(Dataset excerpts)
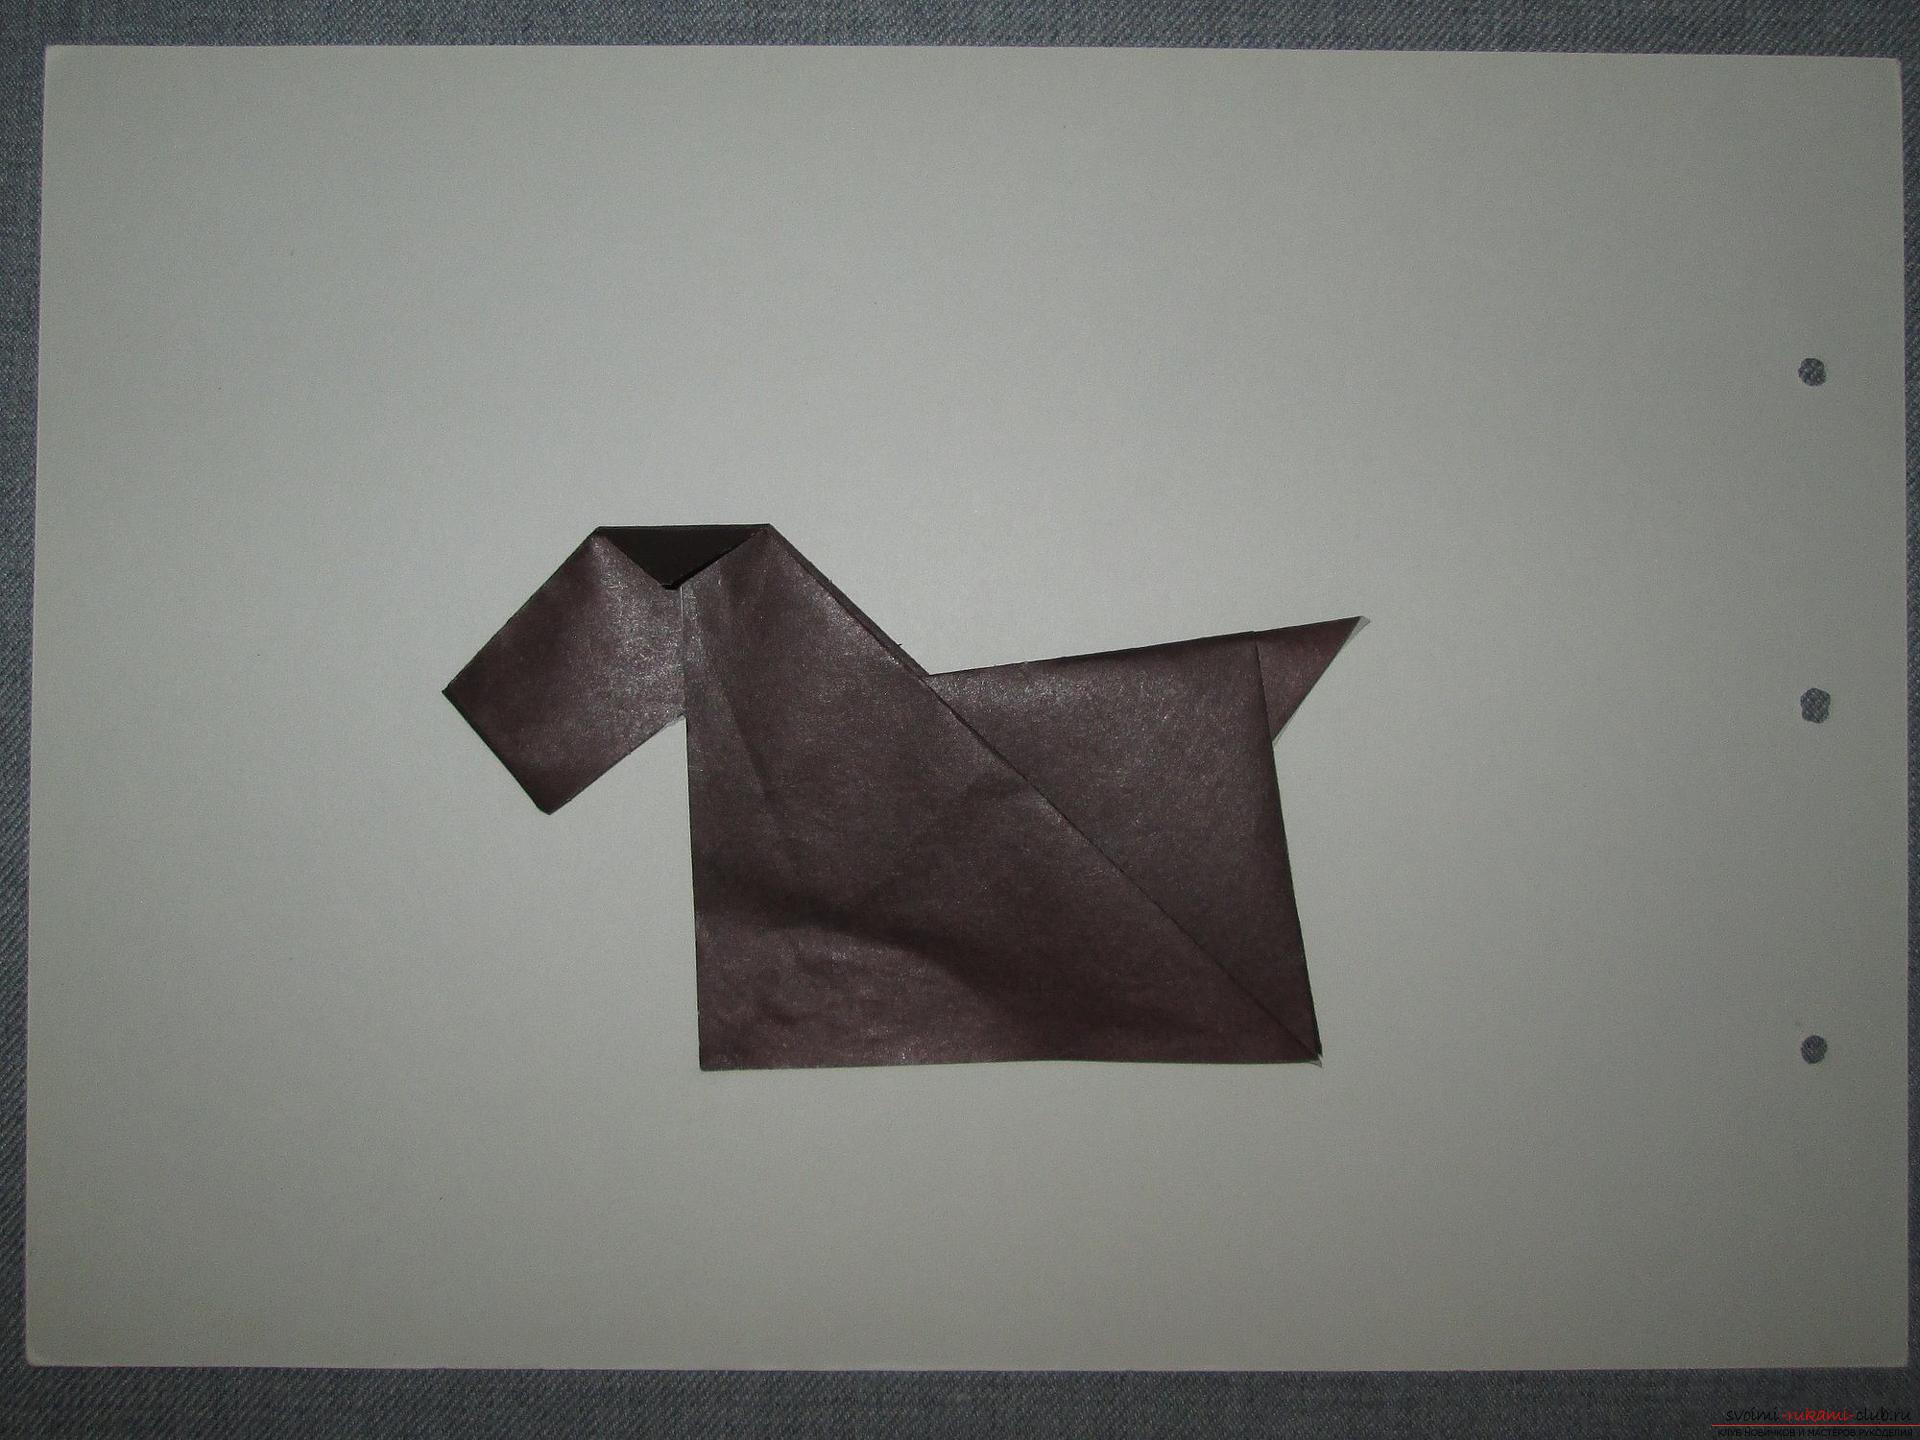 Этот подробный мастер-класс с фото и описание научит как сделать оригами для начинающих - оригами-собаку из бумаги.. Фото №15
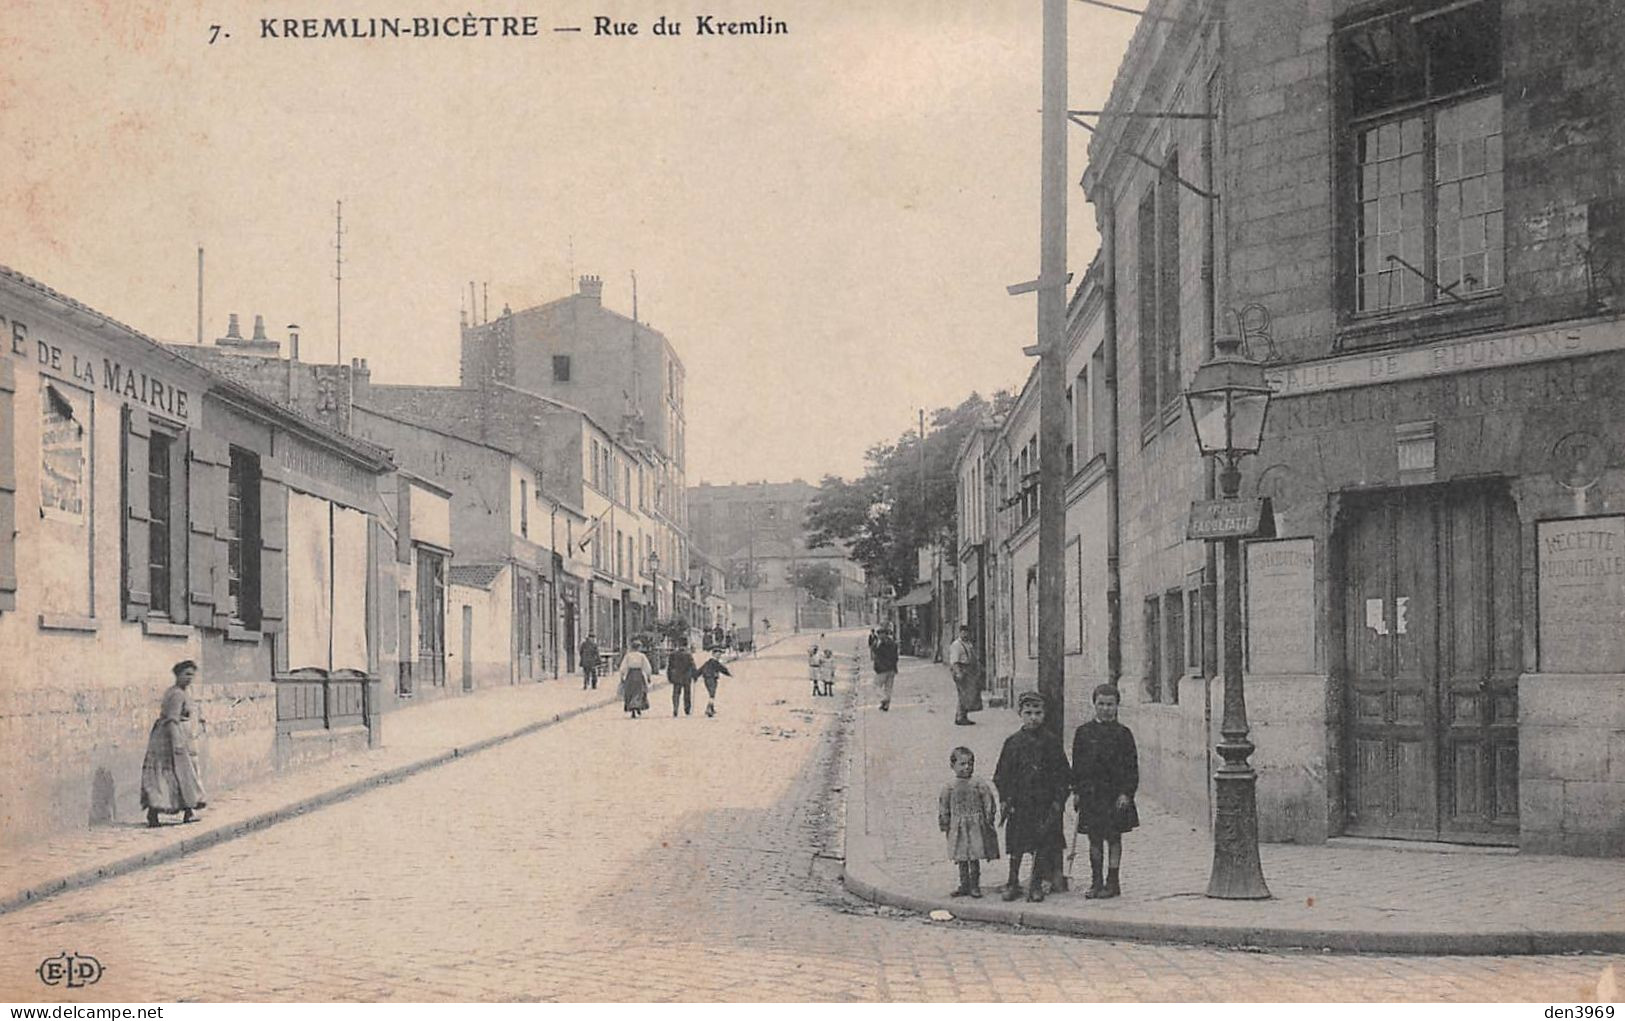 KREMLIN-BICETRE (Val-de-Marne) - Rue Du Kremlin - Buvette De La Mairie - Lampadaire - Ecrit 1919 (2 Scans) - Kremlin Bicetre
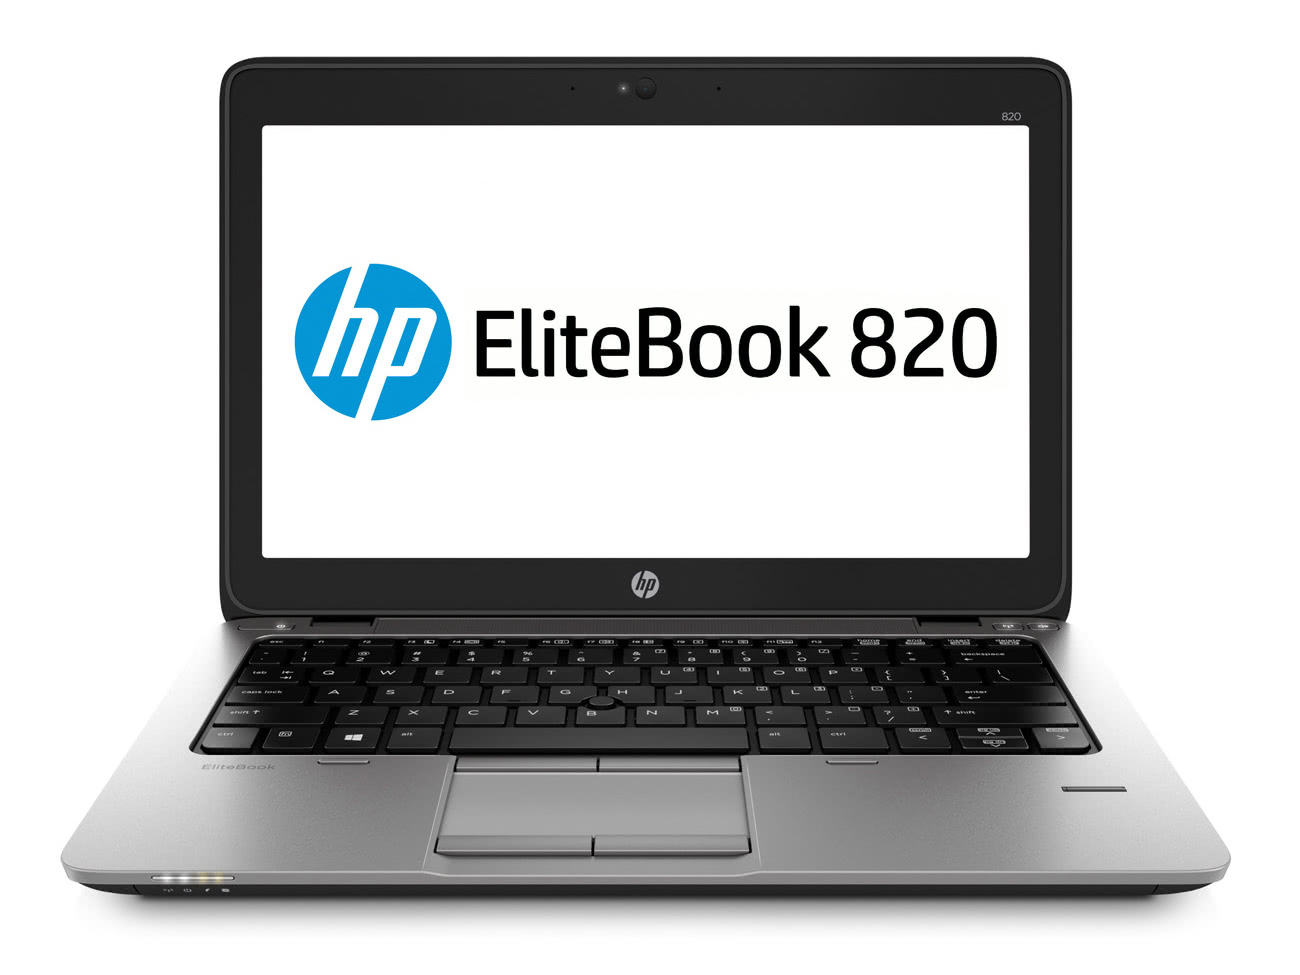 Laptop Hp Elitebook 820 G2, Intel Core I5-5300u 2.30ghz, 4gb Ddr3, 500gb Sata, 12.5 Inch, Webcam
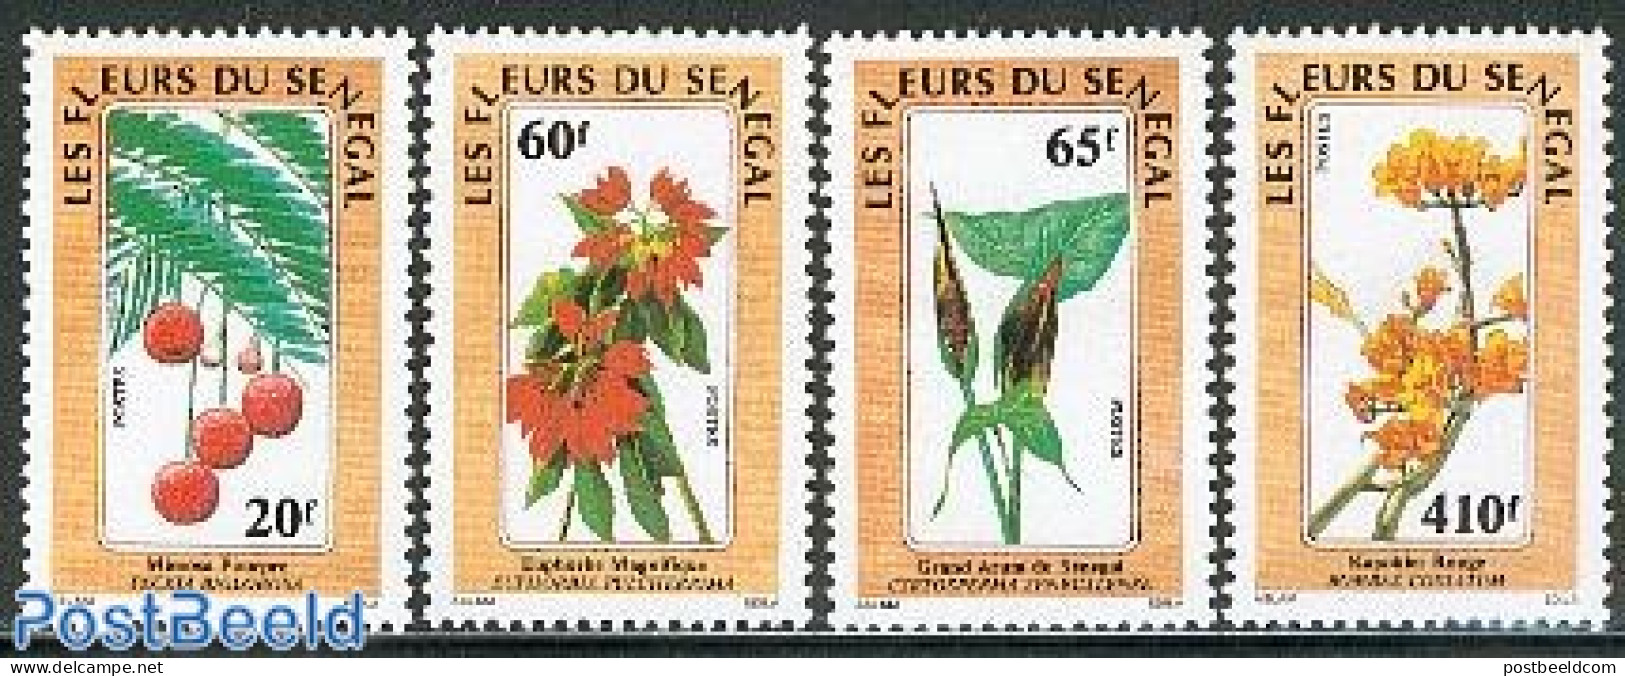 Senegal 1988 Flowers 4v, Mint NH, Nature - Flowers & Plants - Sénégal (1960-...)
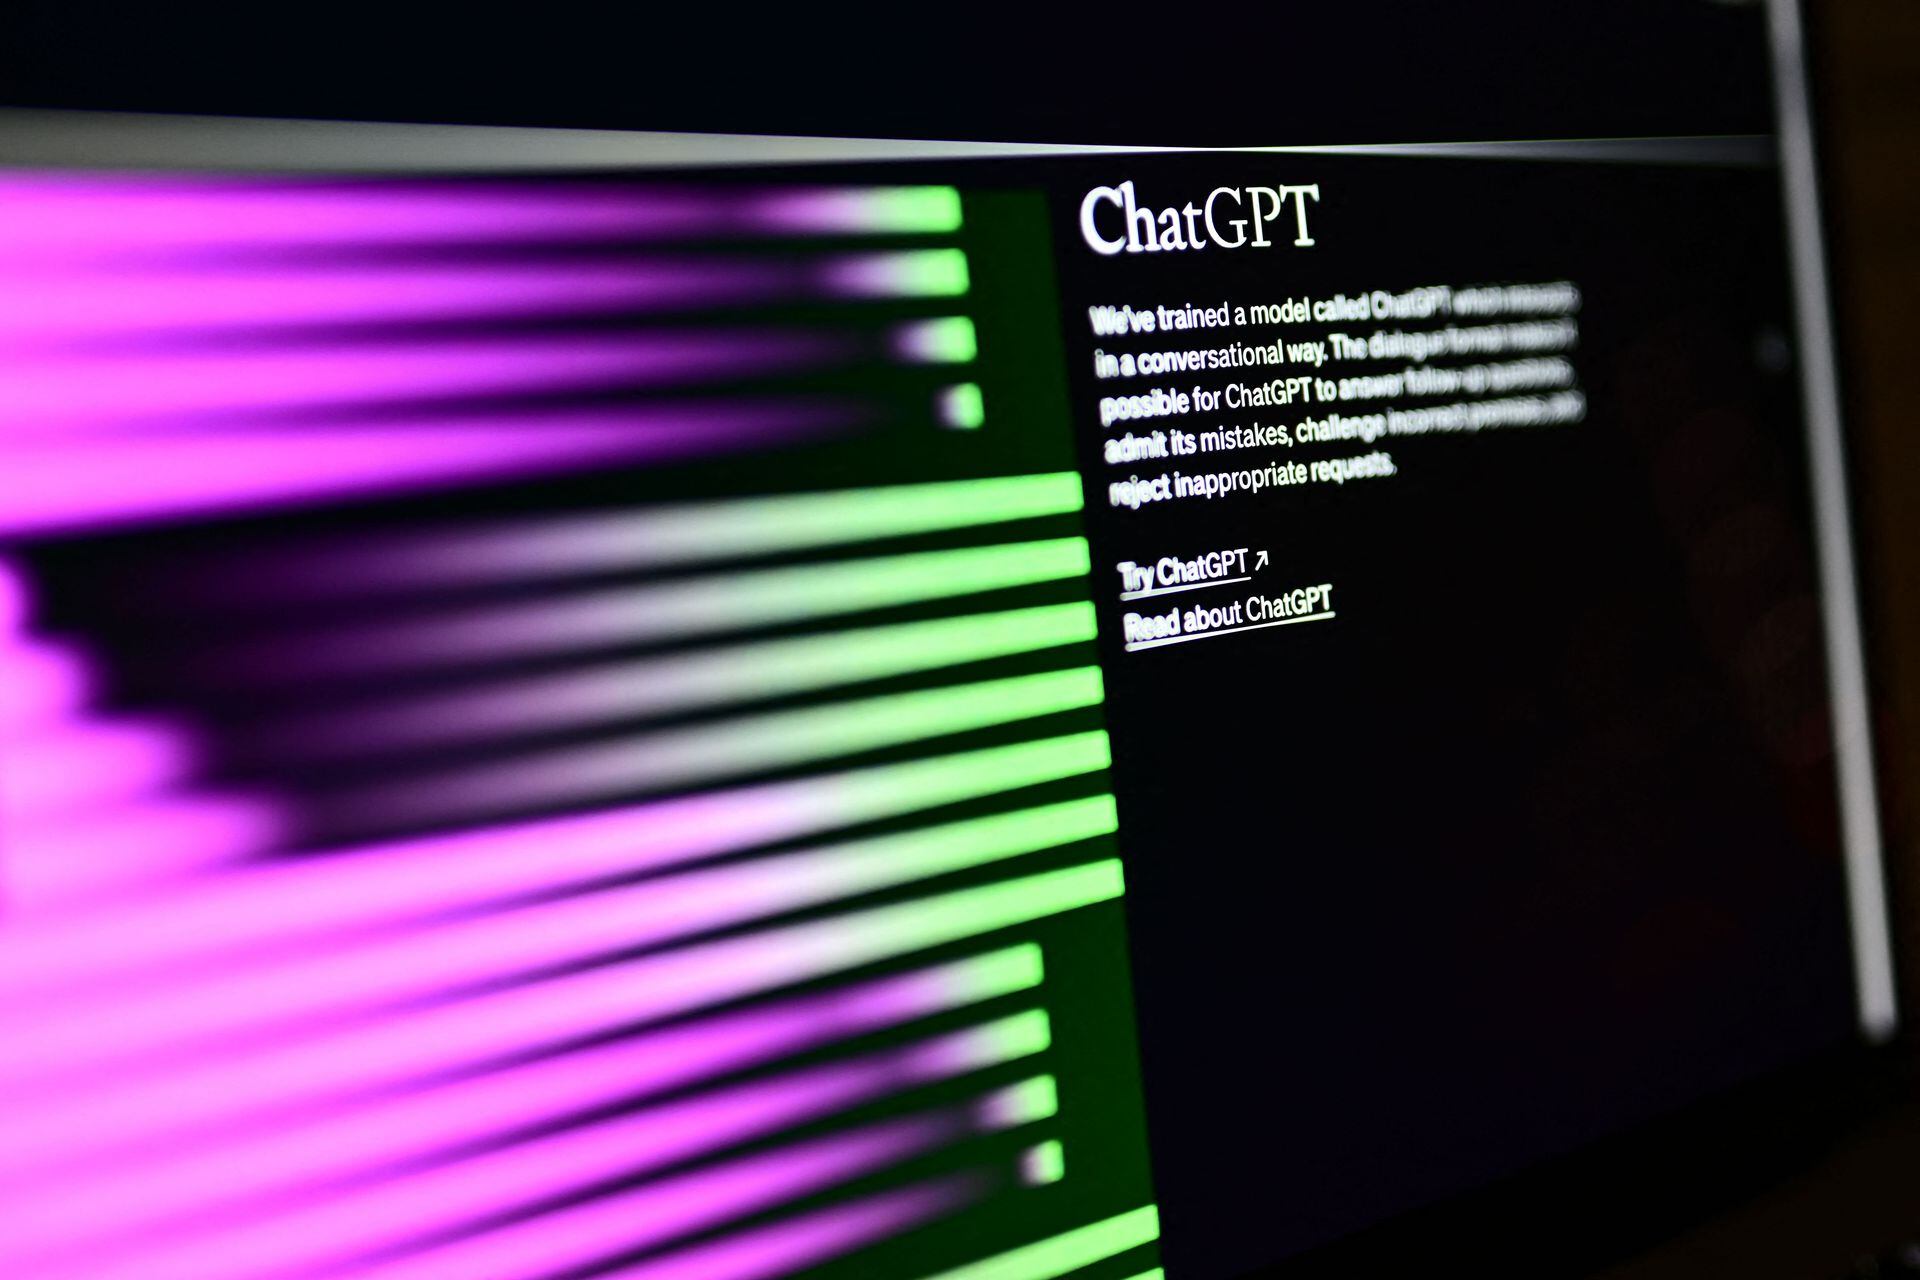 Una pantalla de computadora con la página de inicio del sitio web de inteligencia artificial OpenAI, mostrando su robot chatGPT.

Task instructions → When you return the records, keep every word unchanged and drop the pictures.

Written answer →
 Этот подробный мастер-класс с фото и описание научит как сделать оригами для начинающих - оригами-собаку из бумаги.. Фото №15
 KREMLIN-BICETRE (Val-de-Marne) - Rue Du Kremlin - Buvette De La Mairie - Lampadaire - Ecrit 1919 (2 Scans) - Kremlin Bicetre
 Laptop Hp Elitebook 820 G2, Intel Core I5-5300u 2.30ghz, 4gb Ddr3, 500gb Sata, 12.5 Inch, Webcam
 Senegal 1988 Flowers 4v, Mint NH, Nature - Flowers & Plants - Sénégal (1960-...)
 Una pantalla de computadora con la página de inicio del sitio web de inteligencia artificial OpenAI, mostrando su robot chatGPT.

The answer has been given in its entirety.